Il vaglio di determinatezza dell’imputazione in sede di udienza preliminare

24 Luglio 2015

A fronte di un dato normativo abbastanza elastico su quale debba essere il contenuto del capo di imputazione, la cui redazione è rimessa in buona misura al discrezionale apprezzamento del pubblico ministero che lo redige, il primo momento di vaglio sulla corretta redazione dello stesso è, per i processi che transitano dall'udienza preliminare, proprio quello effettuato dal giudice dell'udienza Preliminare.
Abstract

A fronte di un dato normativo abbastanza elastico su quale debba essere il contenuto del capo di imputazione, la cui redazione è rimessa in buona misura al discrezionale apprezzamento del pubblico ministero che lo redige, il primo momento di vaglio sulla corretta redazione dello stesso è, per i processi che transitano dall'udienza preliminare, proprio quello effettuato dal giudice dell'udienza Preliminare. È sorto un contrasto sui poteri effettivamente spettanti a tale giudice, risolto dalla Sezioni Unite, con condivisibile sentenza, nel senso che il giudice dell'udienza preliminare abbia il potere di dichiarare la nullità della richiesta di rinvio a giudizio, ove ritenga lo stesso indeterminato, ma solo dopo avere sollecitato infruttuosamente il Pubblico Ministero a provvedere all'integrazione dello stesso.

Il quadro normativo

Il Pubblico Ministero con la richiesta di rinvio a giudizio deve indicare (art. 417 c.p.p.) l'enunciazione in forma chiara e precisa del fatto, delle circostanze aggravanti e dei quelle che possono comportare l'applicazione di misure di sicurezza, con l'indicazione dei relativi articoli di legge.

Identica indicazione dovrà contenere il decreto di rinvio a giudizio emesso dal Giudice dell'Udienza Preliminare ai sensi dell'art. 429 c.p.p.

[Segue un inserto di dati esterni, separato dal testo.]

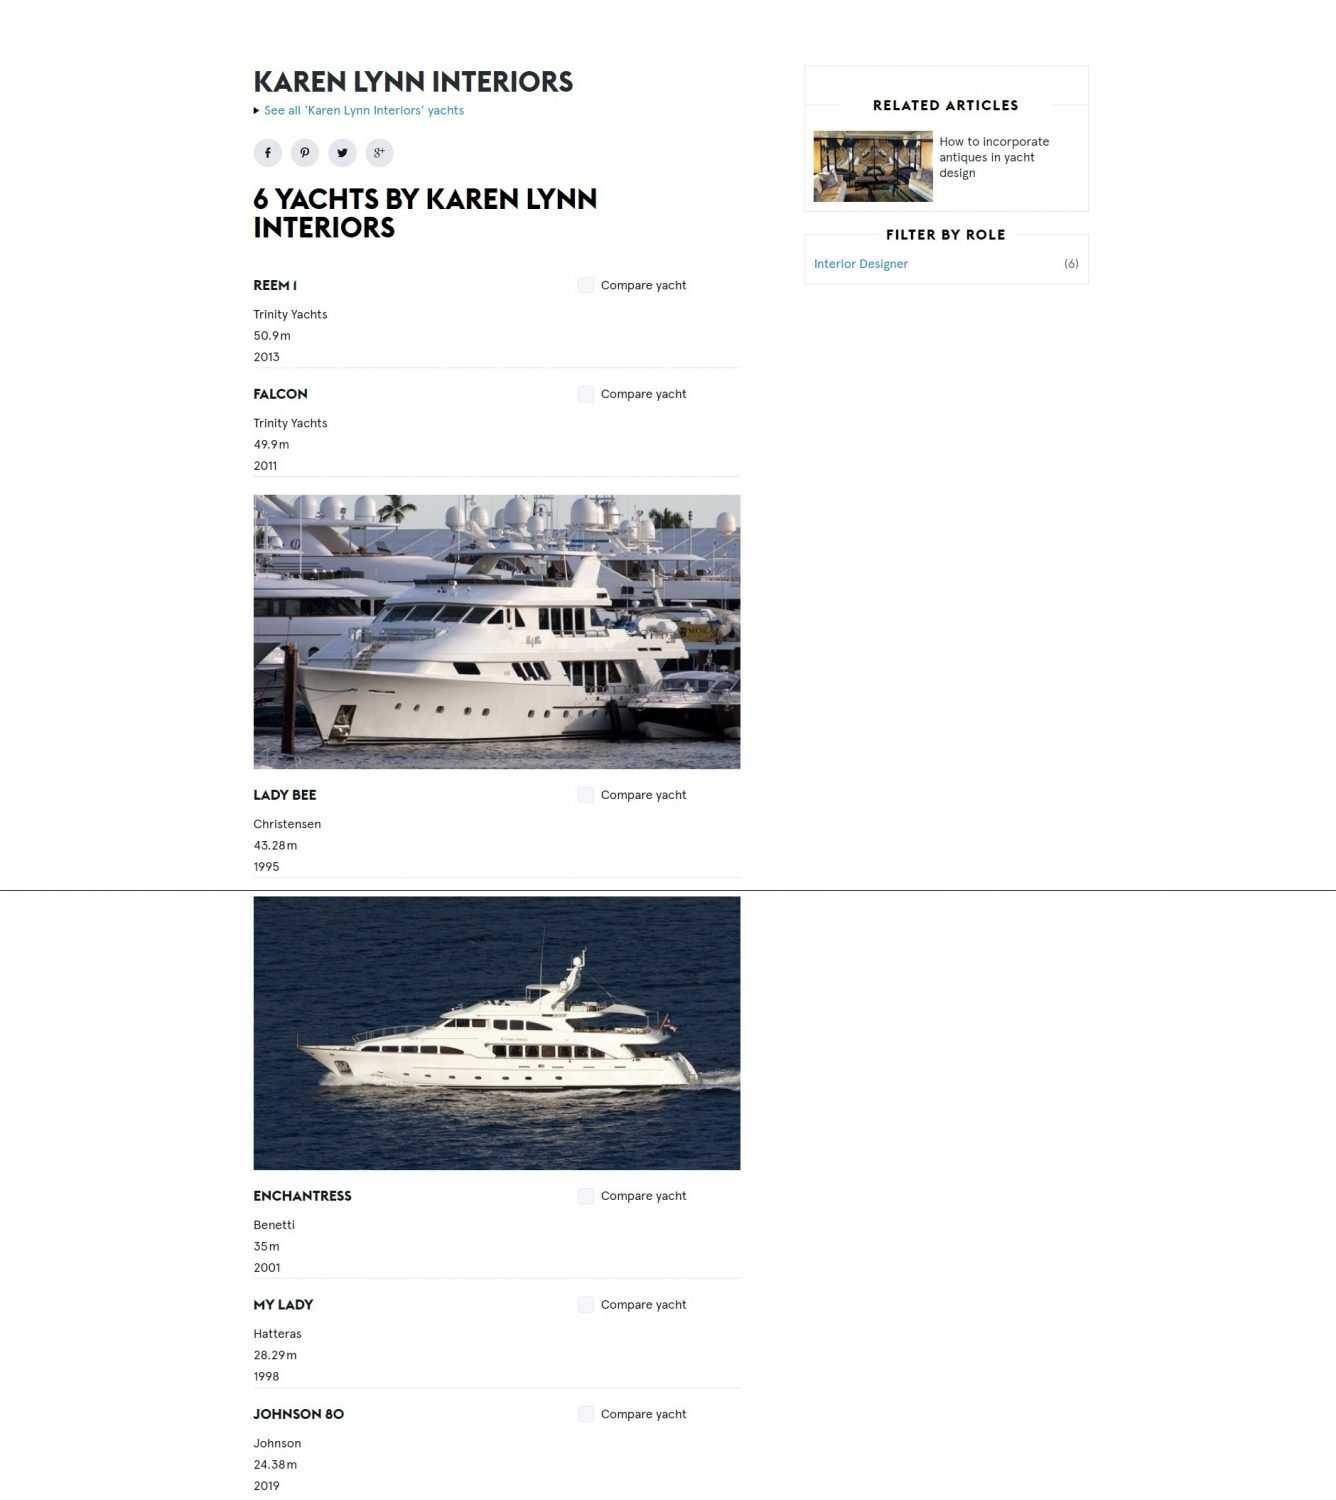 Boat Intl - Karen Lynn Interiors - Interior Design for Yacht, Aircrafts and Residential Projects

Manca una disciplina espressa sulla condotta che il giudice dell'udienza preliminare debba tenere nel caso in cui il difensore dell'imputato o lo stesso Giudice ravvisino una non sufficienza determinatezza del capo di imputazione.

Il contrasto giurisprudenziale

Sul punto si sono formati orientamenti di pensiero del tutto contrastanti.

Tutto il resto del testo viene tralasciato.